**Given data:**

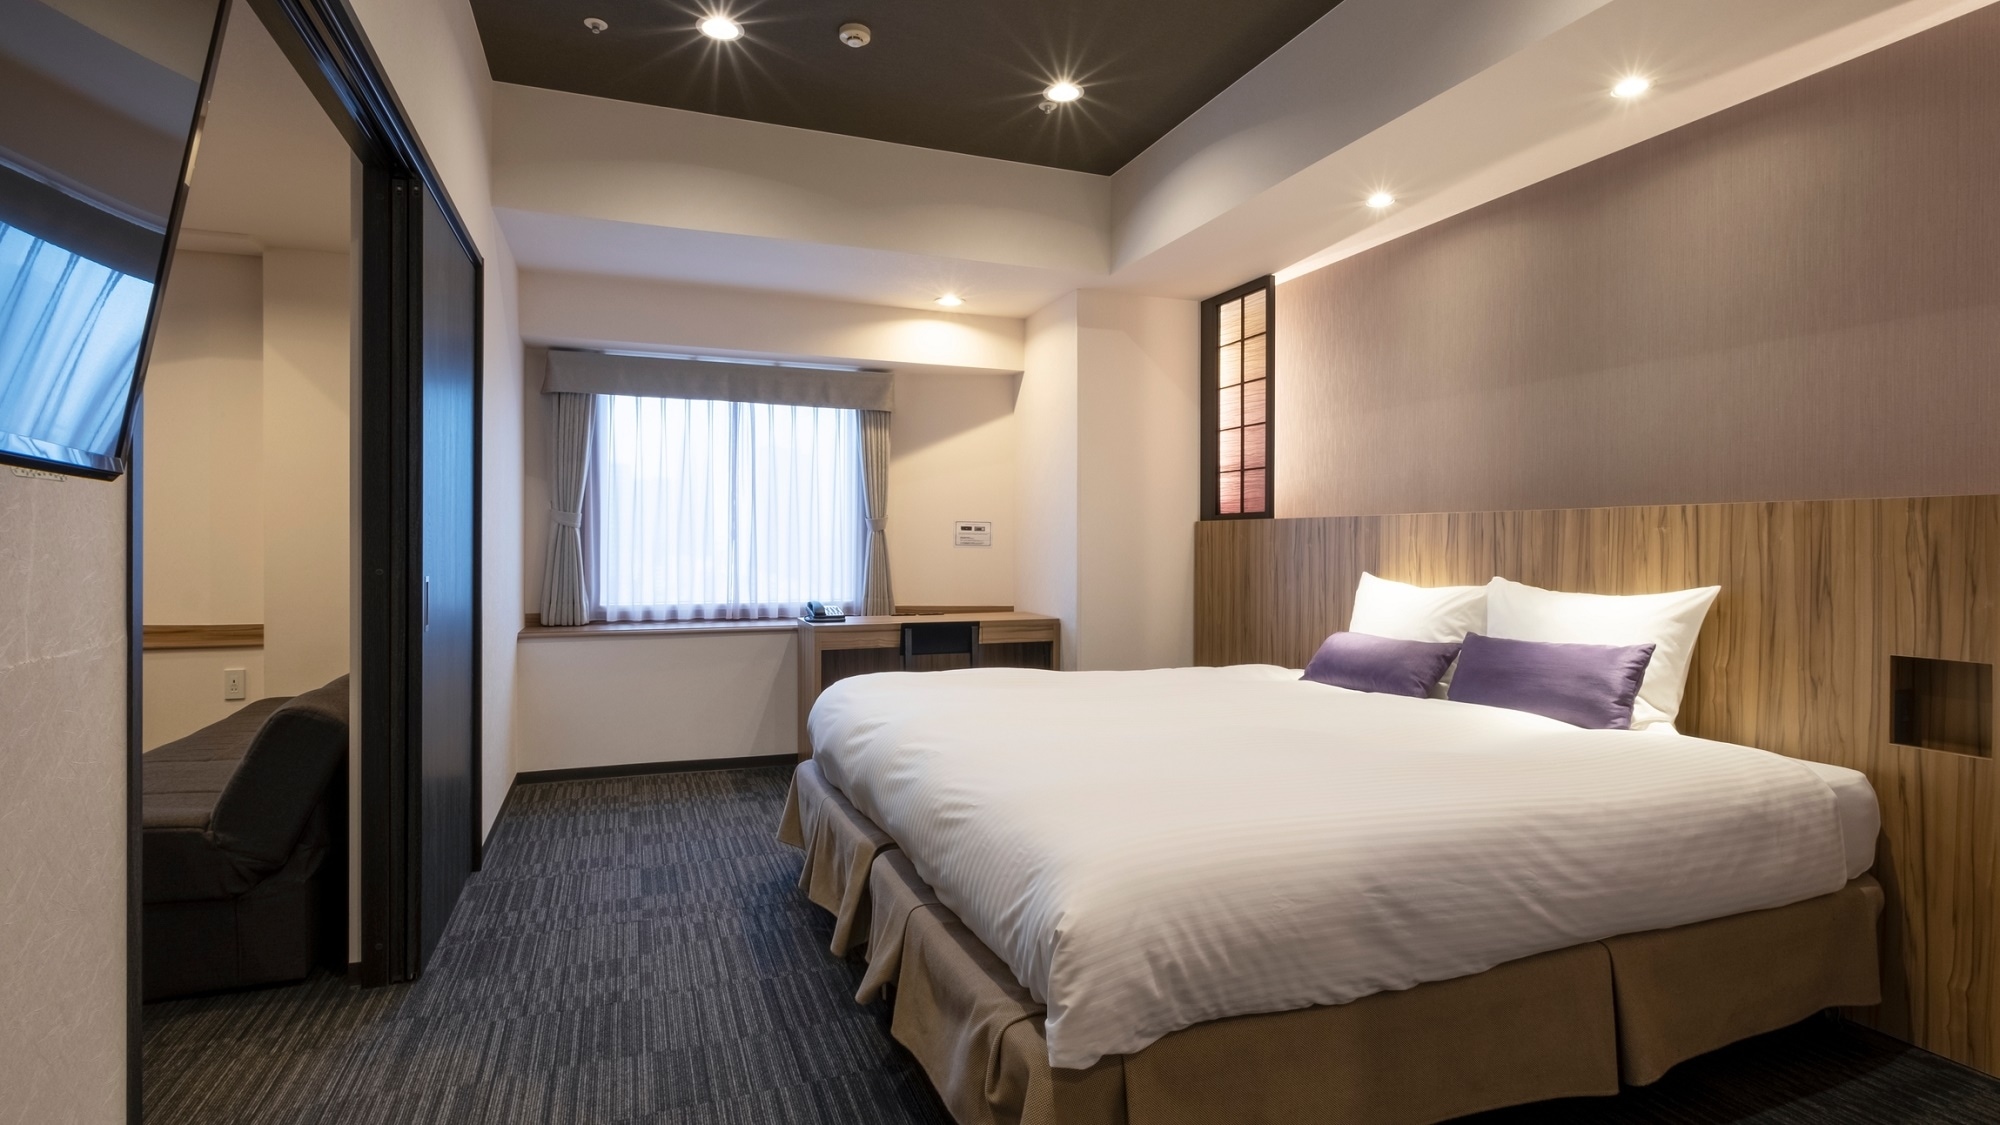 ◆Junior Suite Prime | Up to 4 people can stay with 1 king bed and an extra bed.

...

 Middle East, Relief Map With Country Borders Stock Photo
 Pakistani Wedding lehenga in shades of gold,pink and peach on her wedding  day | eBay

--

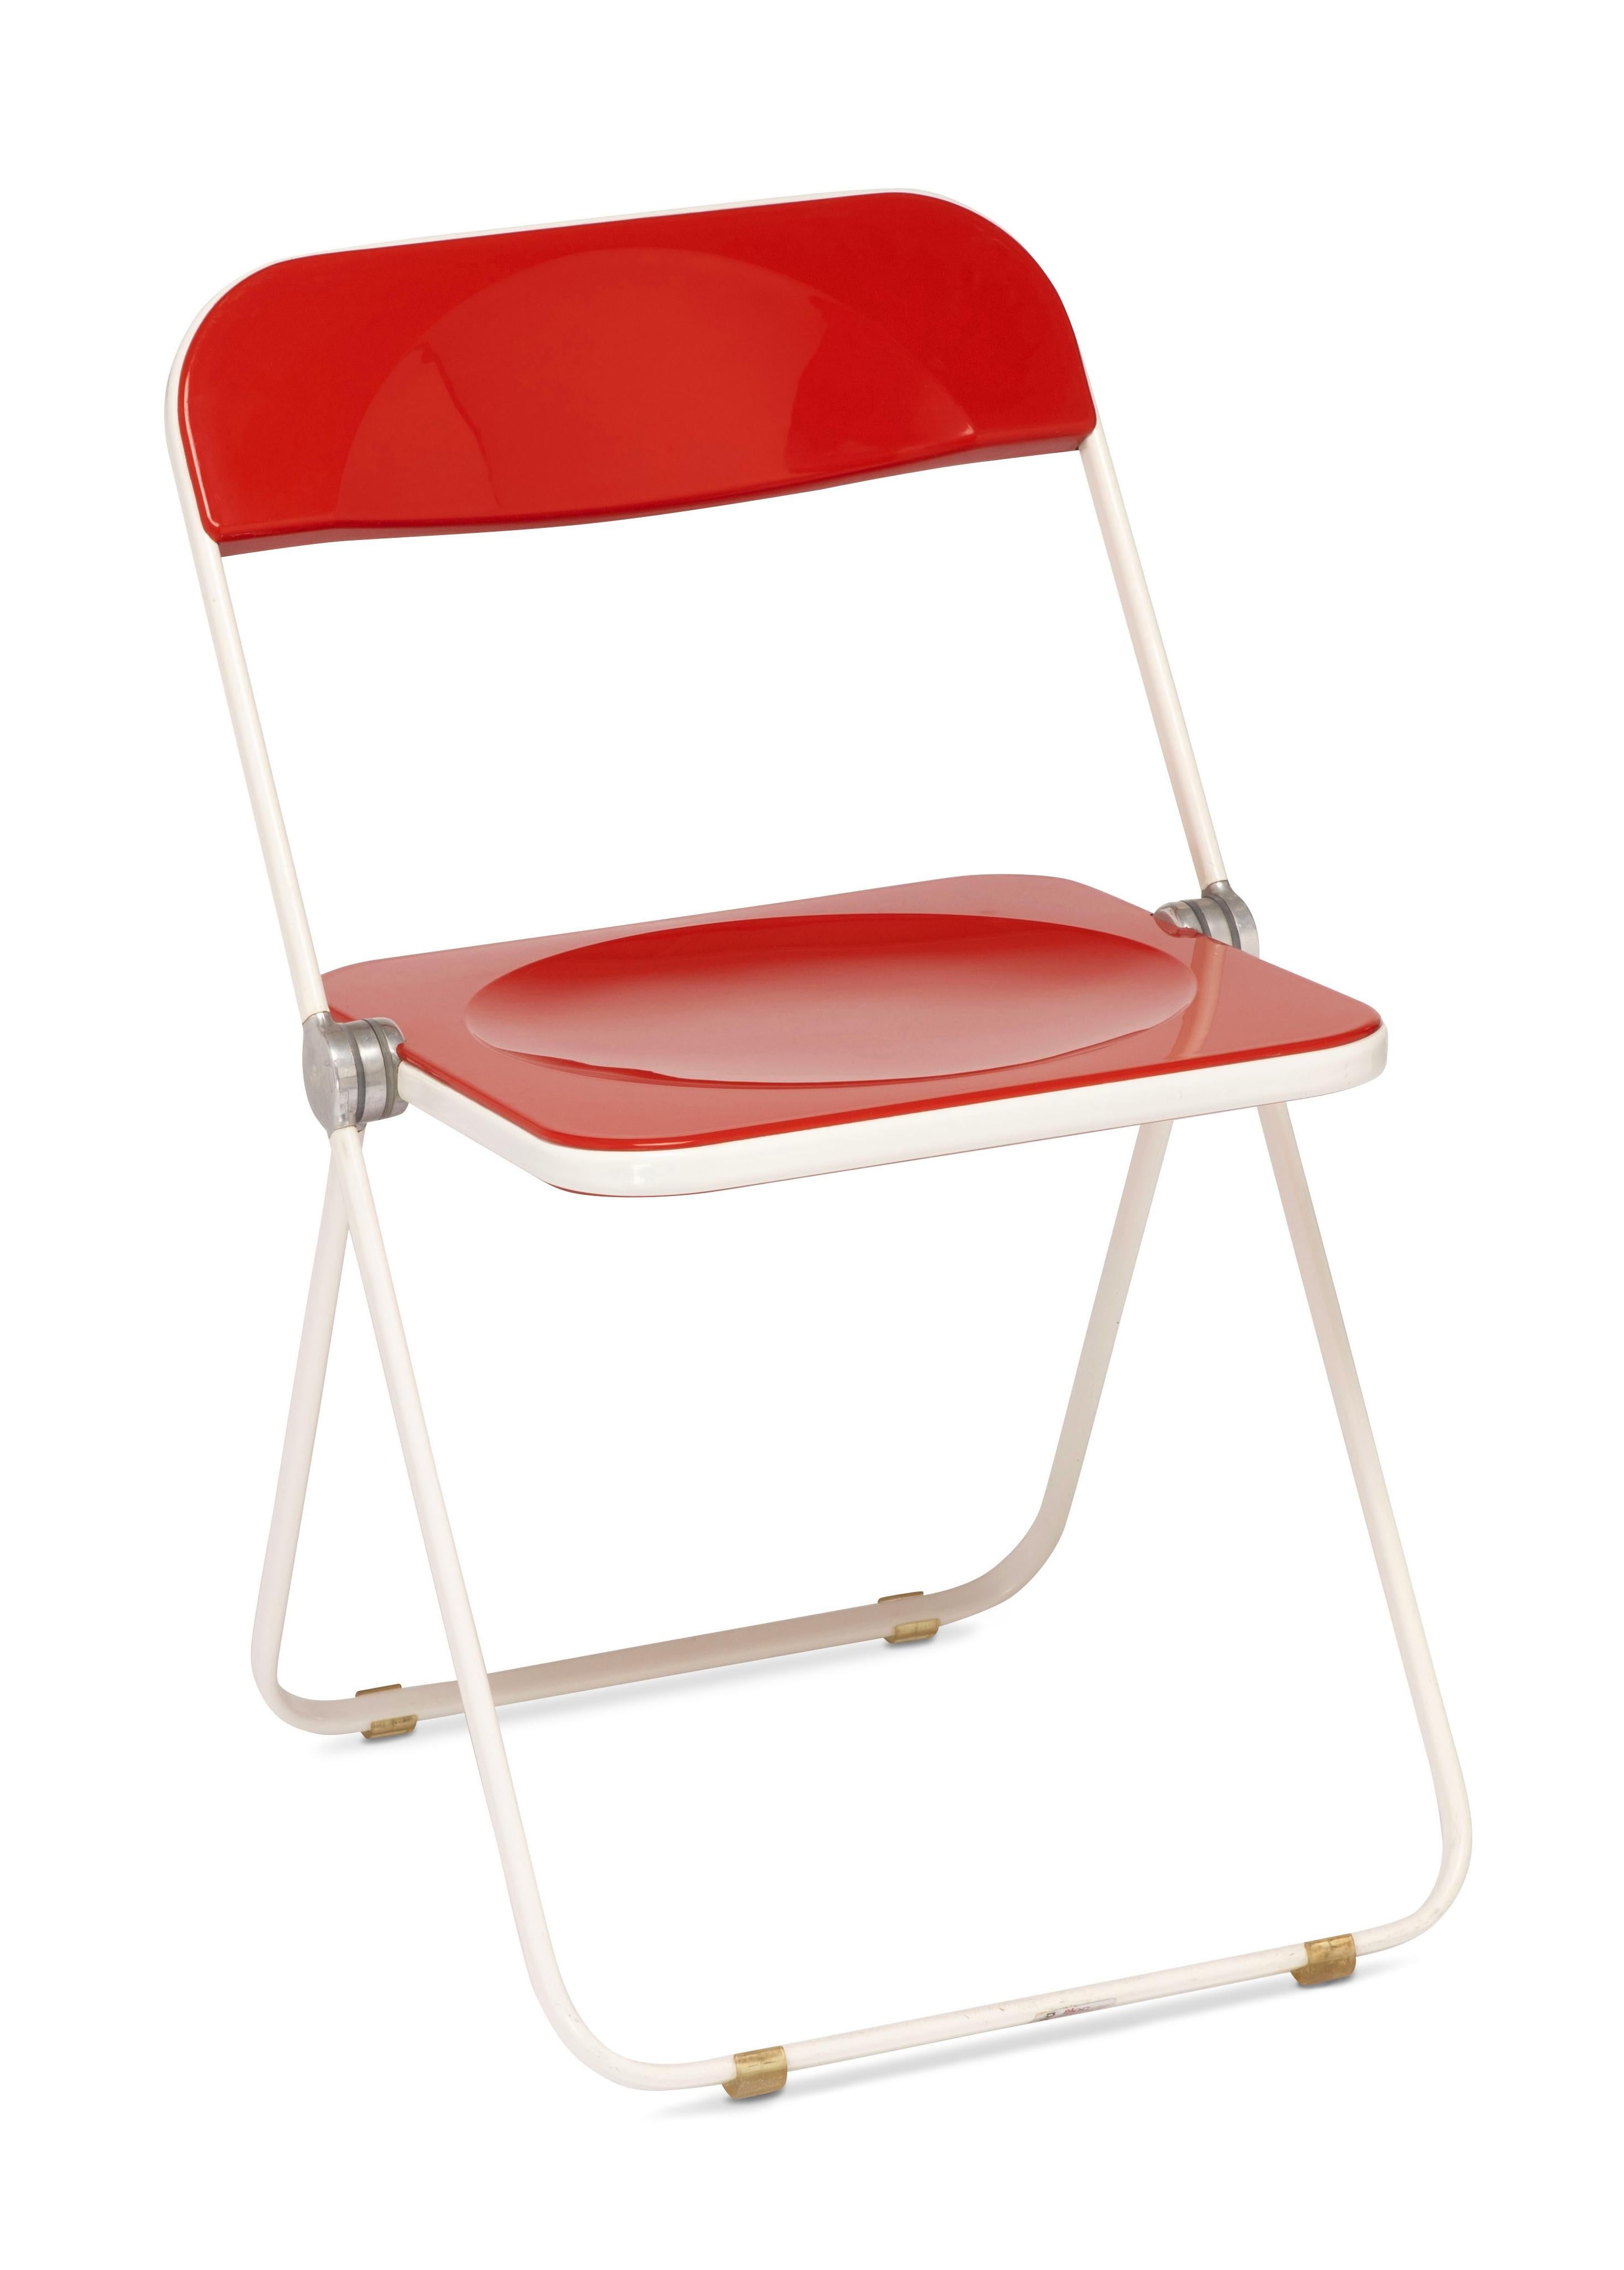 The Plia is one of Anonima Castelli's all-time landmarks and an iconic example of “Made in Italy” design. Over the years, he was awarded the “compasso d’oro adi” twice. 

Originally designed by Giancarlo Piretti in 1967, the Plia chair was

**Exercise description:** Using the records above, return word for word the lines that begin at the one containing "The Plia is" and end at the one containing "Originally designed by", both of them included and no pictures.

**Answer below:**
 The Plia is one of Anonima Castelli's all-time landmarks and an iconic example of “Made in Italy” design. Over the years, he was awarded the “compasso d’oro adi” twice. 

Originally designed by Giancarlo Piretti in 1967, the Plia chair was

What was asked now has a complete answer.